Virginia GOP Tries To Link Democratic Candidate To White Supremacists

Pots, kettles, etc.
Because of a book she co-wrote that is critical of the U.S.-Israel relationship, Virginia Democratic congressional candidate Leslie Cockburn has been accused by the state Republican Party of fueling anti-Semitism.
Because of a book she co-wrote that is critical of the U.S.-Israel relationship, Virginia Democratic congressional candidate Leslie Cockburn has been accused by the state Republican Party of fueling anti-Semitism.
Congressional Quarterly / Getty Images

The Republican Party of Virginia is linking a Democratic congressional candidate to the 2017 white supremacist demonstration in Charlottesville, accusing her of anti-Semitism for a book she published that is critical of the U.S.-Israel relationship.

In a series of broadsides, including a press release and a mailer obtained by The Washington Post’s Dave Weigel, the Virginia Republican Party accuses Democratic candidate Leslie Cockburn and her 1991 book, Dangerous Liaison: The Inside Story of the U.S.-Israel Covert Relationship, of fueling anti-Semitism. She co-wrote the book with her husband, Andrew Cockburn.

“Racists in Charlottesville chanted, ‘Jews will not replace us,’” the mailer reads. “Leslie Cockburn’s book adds fuel to the fire.” Charlottesville is in Virginia’s 5th Congressional District, which she is squaring off against local businessman Denver Riggleman to represent.
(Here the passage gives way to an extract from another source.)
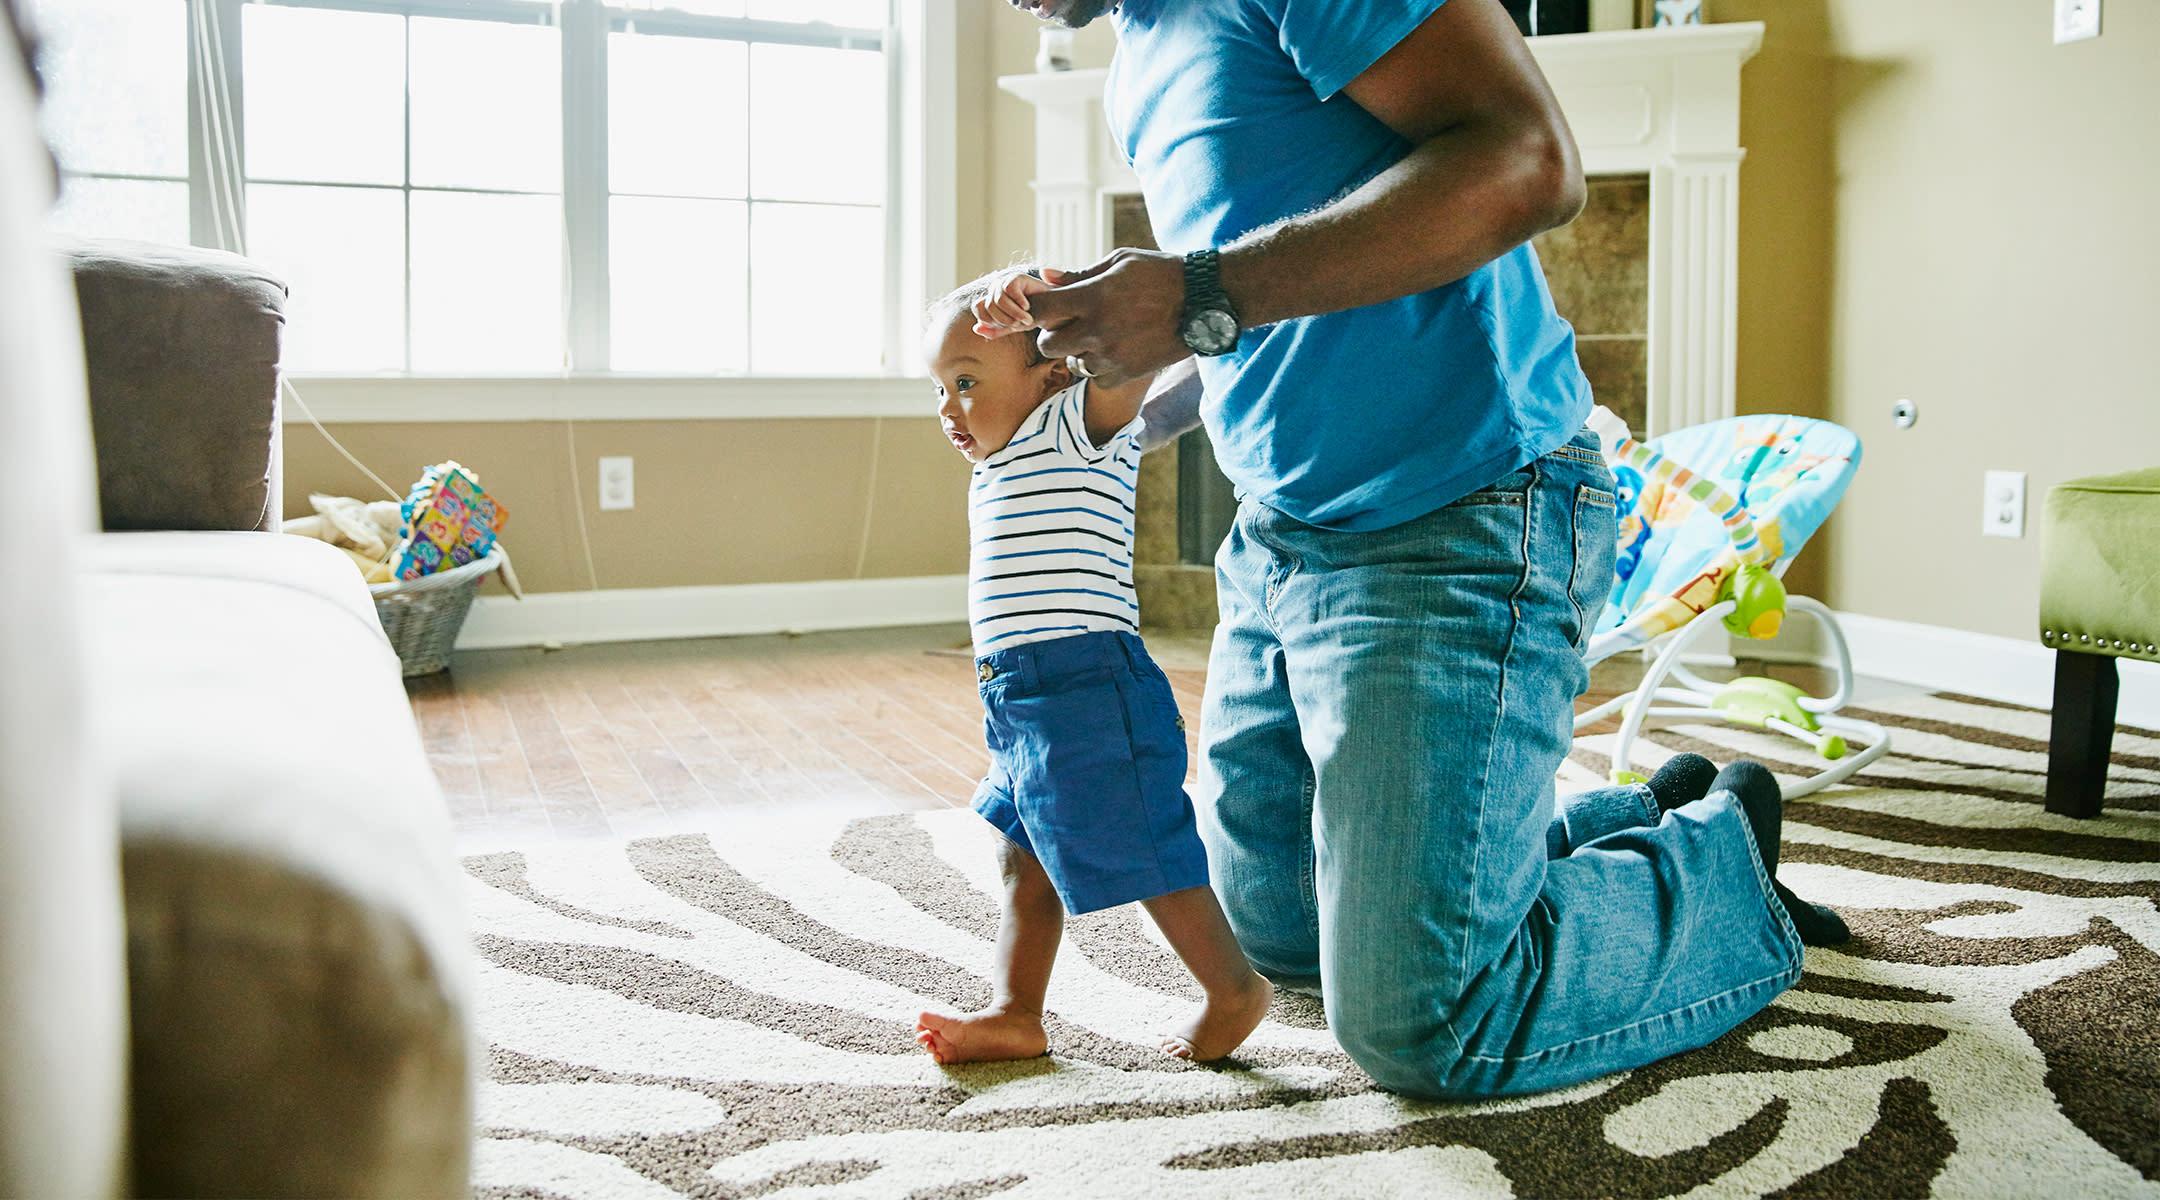 Amazon.com: baby walking harness: Baby

Virginia Republicans have been criticizing Cockburn for her book for a number of months, but this is the first time they have directly linked her and the Unite the Right rally, which saw one person, Heather Heyer, killed and 19 others injured when James Alex Fields Jr. allegedly rammed his car into a crowd of counterprotesters.

The Cockburn campaign directed a request for comment to a response on its web page, which included a series of supportive statements from local religious leaders and cited Cockburn’s endorsement from J Street, a pro-Israel organization that advocates for progressive policy solutions.
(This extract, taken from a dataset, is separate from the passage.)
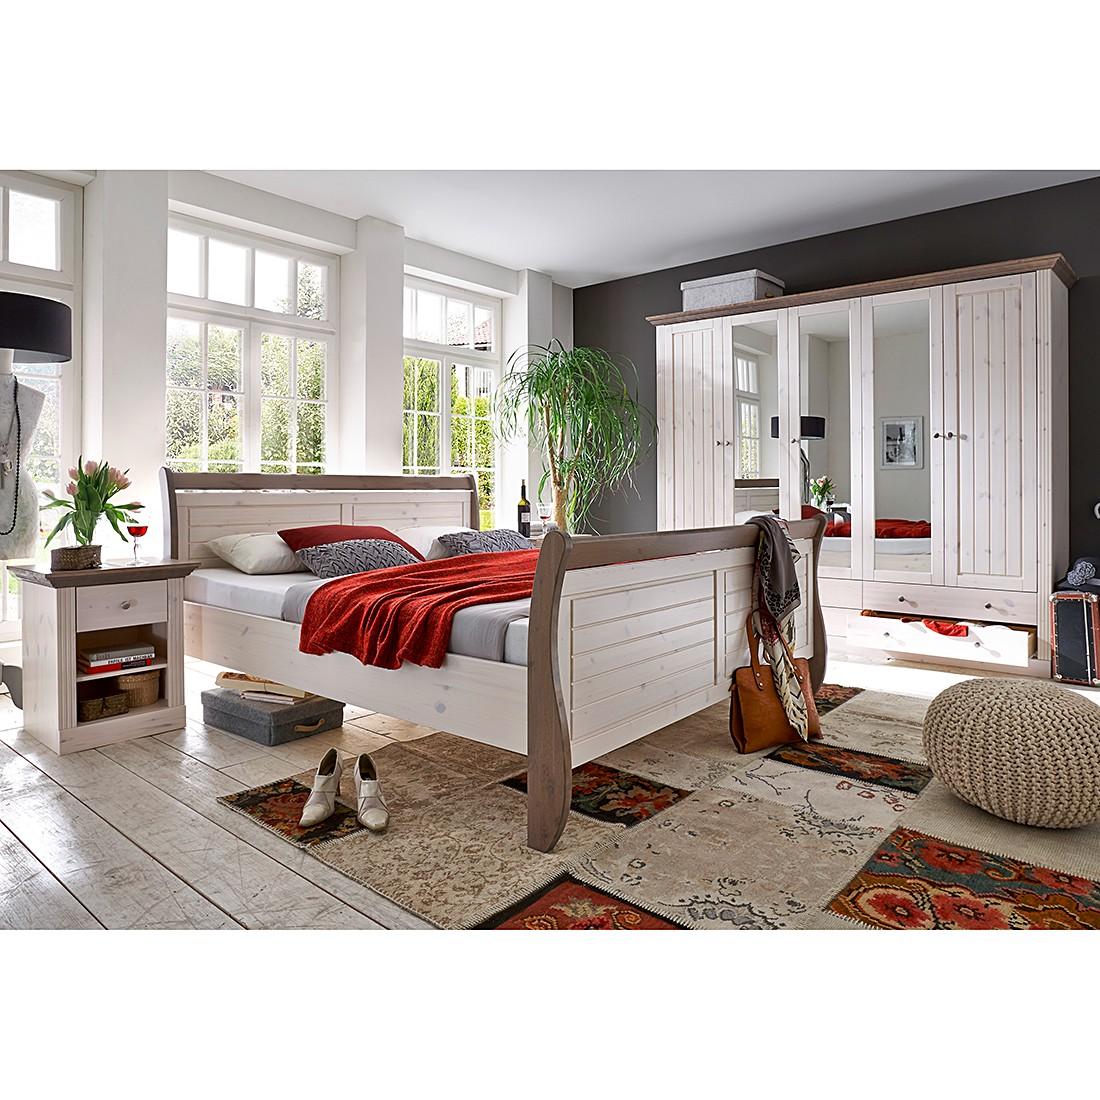 Schlafzimmerset Lyngby (4-teilig) - Weiß/Steingrau, Steens ...

The Virginia GOP did not respond to a request for comment.

The state Republican Party previously compiled a list of citations of Cockburn’s book on Stormfront, a racist and anti-Semitic message board, but a number of Jewish leaders in Charlottesville have publicly rejected claims that the book is anti-Semitic.

“I just think most folks … didn’t take the charge seriously to begin with, even folks who read her book, which is highly critical of Israel and the United States and the U.S.-Israel relationship at the time,” Daniel Alexander, a retired rabbi of Charlottesville’s only synagogue, told The New York Times in May.

That the criticism of Cockburn came from the Virginia GOP is notable, as the party has dealt with a series of controversies involving white nationalism, including the ongoing debate over the propriety of having Confederate monuments on public grounds.

Most recently, Corey Stewart, the party’s nominee for the Senate seat held by Tim Kaine (D), has a history of associating with neo-Confederates and other white nationalists, and Stewart’s candidacy has been cited favorably on the same Stormfront message board that the GOP has used to attack Cockburn.

In addition, Virginia Republicans had to contend with the equivocating response to the Unite the Right violence from President Donald Trump, who said that he condemned the “hatred, bigotry and violence on many sides” and that there are “very fine people on both sides.”